Real Estate

Strong multifamily growth results in modest housing starts increase

Single family housing starts dropped 1.7% nationwide in March

On the strength of better-than-expected multifamily numbers, housing starts in March increased 0.3% overall to a seasonally annualized rate of 1.793 million units, the highest mark since 2006.

The multifamily sector, which includes apartment buildings and condos, rose 4.6% to annualized pace of 593,000 units, according to a report released Tuesday by the U.S. Department of Housing and Urban Development and the U.S. Census Bureau. It wasn’t all good news: single-family housing starts dropped 1.7% to a seasonally adjust annual rate of 1.20 million units.

“Today’s housing starts gain was driven by gains in multi-family construction,” First American deputy chief economist Odeta Kushi said in a statement. “Permits and completions were also up for multifamily on a month-over-month basis. Single‐family housing starts in March were 1.7% below the revised February figure, but remain above pre-pandemic levels. Permits and completions were also down month-over-month for single-family homes.”

Nationwide, overall permits increased 0.4% to an annualized pace of 1.87 million units in March. However, single family permits dropped 4.8% to a rate of 1.15 million units, while multifamily permits increased to a pace of 726,000 units.

Single family permits authorized but not started increased 7.6% in March to 127,000. This is a 30.9% year-over-year increase.

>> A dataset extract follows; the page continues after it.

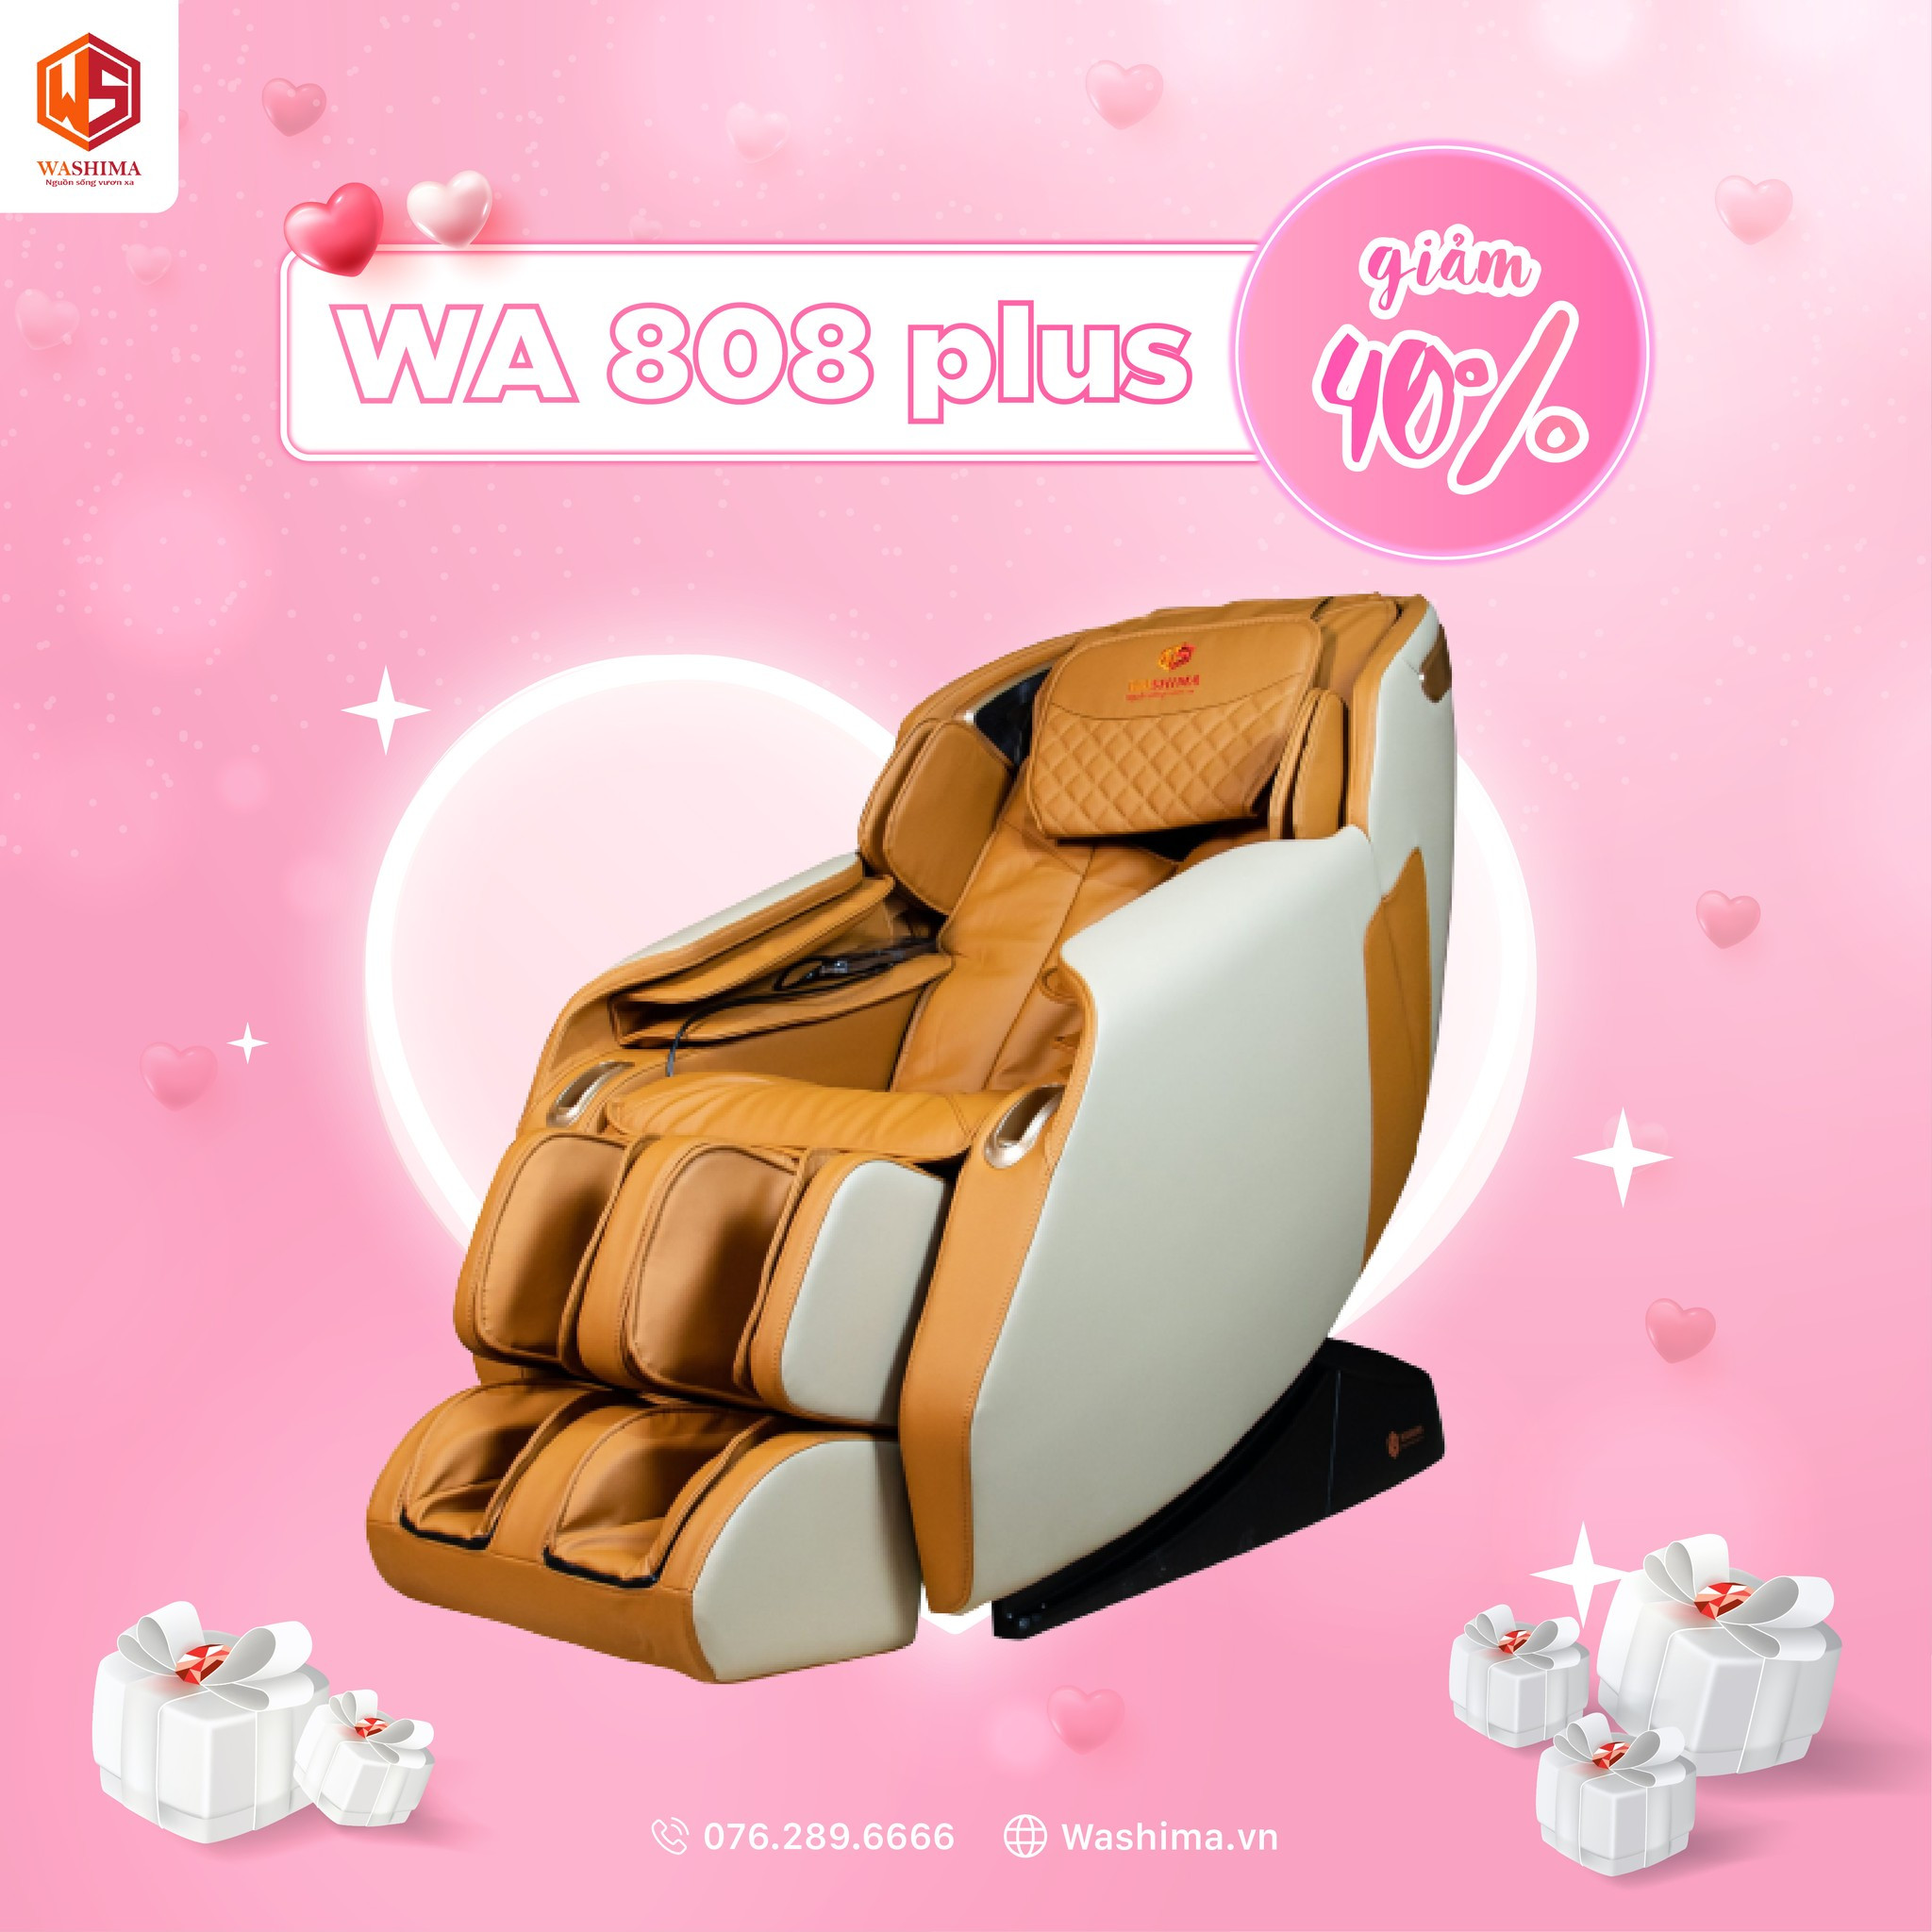 Giảm giá tới 40% cực kỳ yêu thương đối với model ghế massage Washima WA-808 Plus

Experts blamed the drop in single family housing starts and permits on ongoing supply chain issues, which are delaying construction and contributing to increasing building costs, and rising mortgage rates.

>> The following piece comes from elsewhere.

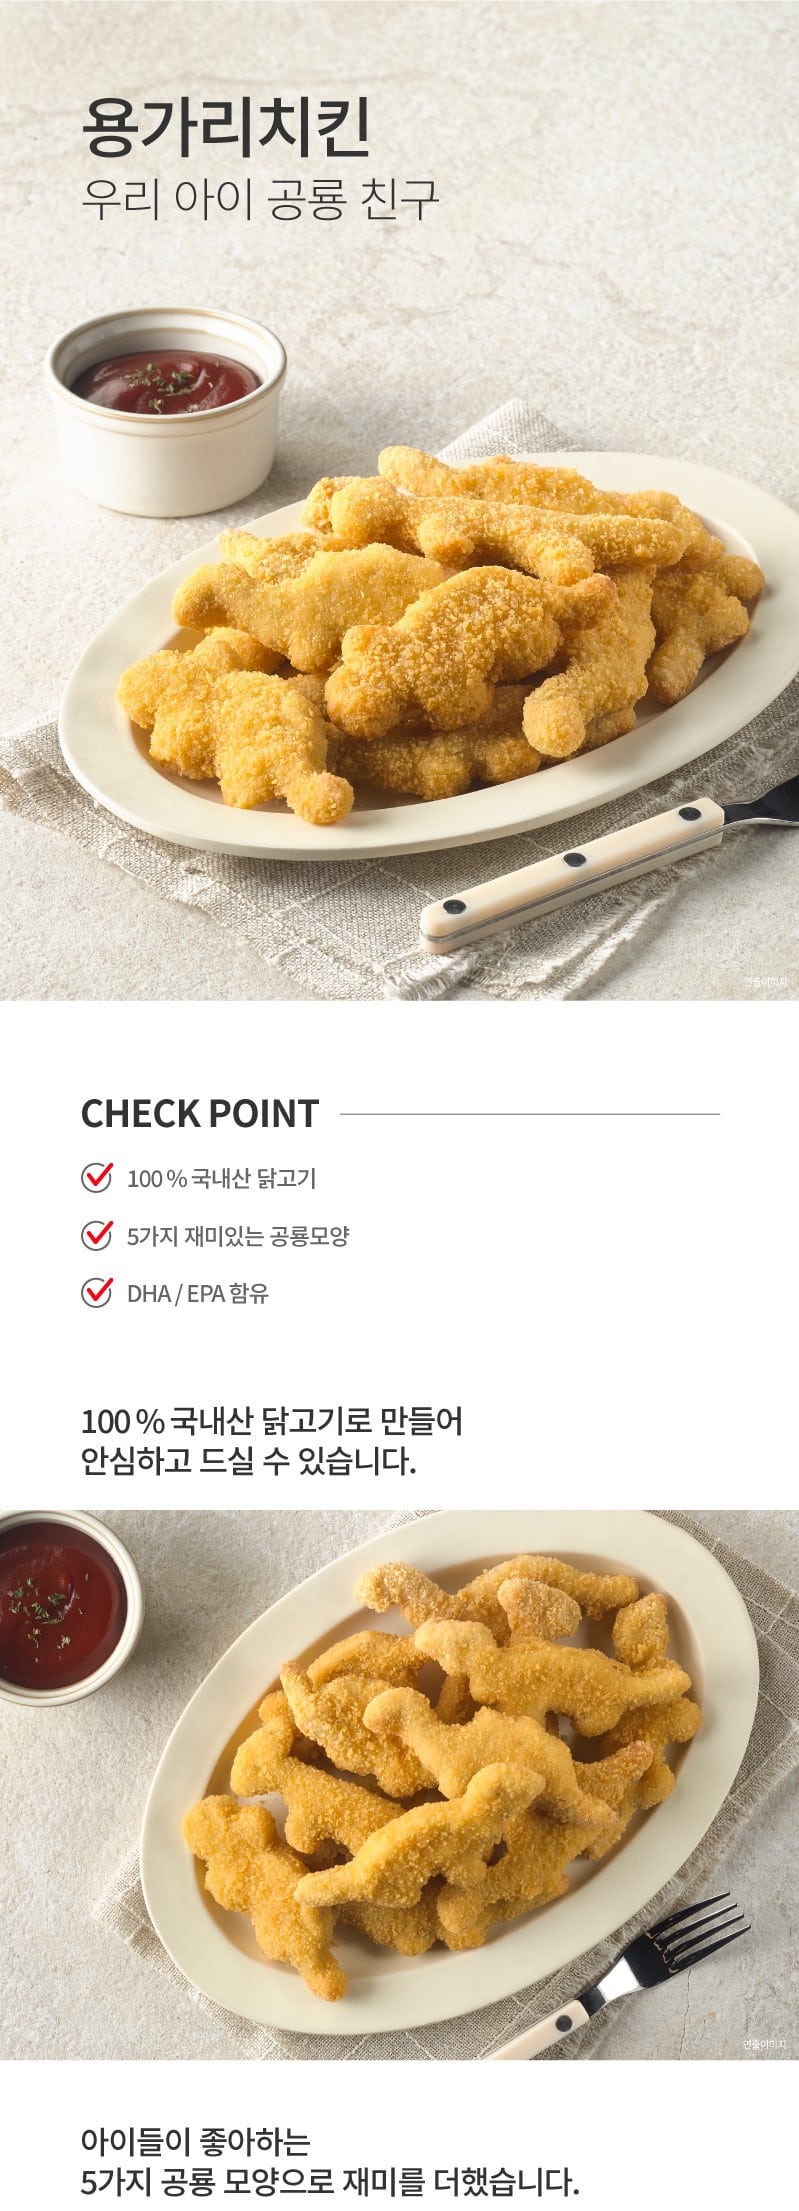 韓國食品-[하림] 용가리치킨 1kg

“The shift in affordability can be seen in the March data with strength for multifamily construction and some weakness for single-family permits,” the National Association of Homebuilders chief economist Robert Dietz said in a statement. “Our builder surveys show that confidence levels in the single-family market have declined for four straight months as affordability conditions continue to worsen, and this is a sign that single-family production will face challenges moving forward.”

In April, the NAHB/Wells Fargo Housing Market Index dropped two points to a reading of 77, marking the fourth consecutive month of declines.

“Sagging homebuilder confidence, which fell for the fourth month in a row, reflects these concerns,” Kushi said in a statement. “Yet, it’s important to point out that homebuilder confidence is less ‘bullish’ as opposed to actually ‘bearish.’ Builder sentiment remains higher than pre-pandemic as several long-term trends continue to boost demand for new construction, particularly a growing labor market, demographic tailwinds from millennials entering their prime home-buying years, and a lack of existing-home inventory.”

Regionally, on a year-to-date basis, overall housing starts were up 17.3%. In the Northeast, 6.6% in the Midwest, 11.2% in the South and 7.5% higher in the West.